Plusieurs orateurs ont dit que la matière dont nous traitons est compliquée ; elle ne l'est peut-être pas autant qu'il y paraît, et nous devons effectivement faire des efforts pour nous faire comprendre en évitant de jargonner. Cela étant, à cause de la crise, tout le monde, contraint et forcé, a beaucoup lu à ce sujet et je pense que le niveau de compréhension de ces questions a augmenté. Je continuerai, comme je le fais aujourd'hui avec plaisir, d'expliquer ce que nous faisons pour permettre aux citoyens européens d'appréhender cette matière. Les parlements nationaux sont le canal privilégié pour faire comprendre ce que nous faisons, et c'est à eux que nous pouvons rendre compte.

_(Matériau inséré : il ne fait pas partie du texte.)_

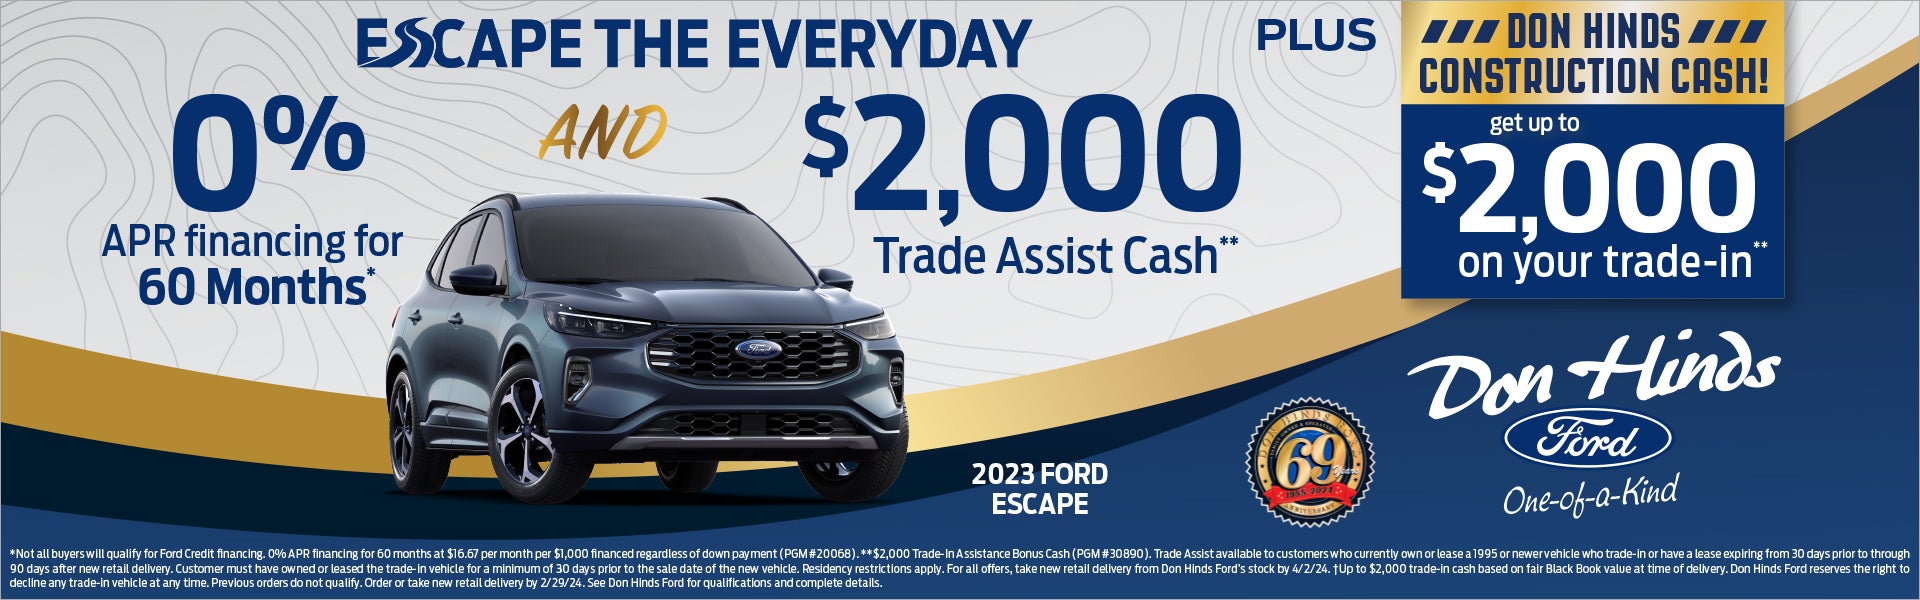 Don Hinds Ford blue & gold 2023 Escape banner ad

Vous avez mentionné la décision prise à Brisbane au sujet du TLAC ou « total loss absorbing capacity », c'est-à-dire l'obligation pour les grands groupes bancaires d'avoir un matelas de fonds propres et de dettes subordonnées suffisant pour absorber leurs pertes en cas de faillite – en d'autres termes, pour payer leur enterrement. Cette mesure s'applique uniquement aux groupes présentant un risque systémique ; dans la zone euro, elles ne sont que neuf dans cette catégorie. Pour sa part, l'Union européenne a mis au point le MREL, acronyme anglais pour « exigence minimale de fonds propres et passifs exigibles » qui met l'accent sur l'exigence de fonds propres de la meilleure qualité – actions, capital contingent ou dette subordonnée – également utilisables soit en cas de poursuite de l'activité après une mauvaise passe soit en cas de résolution ordonnée. Le mécanisme du MREL concerne toutes les banques européennes. Il n'est pas certain que TLAC et MREL se superposent parfaitement ; des frottements peuvent se produire qui appelleront des corrections. D'ailleurs, l'accord conclu en Australie n'est pas définitif : une étude d'impact est prévue, dont les conclusions conduiront, si nécessaire, à des rectifications.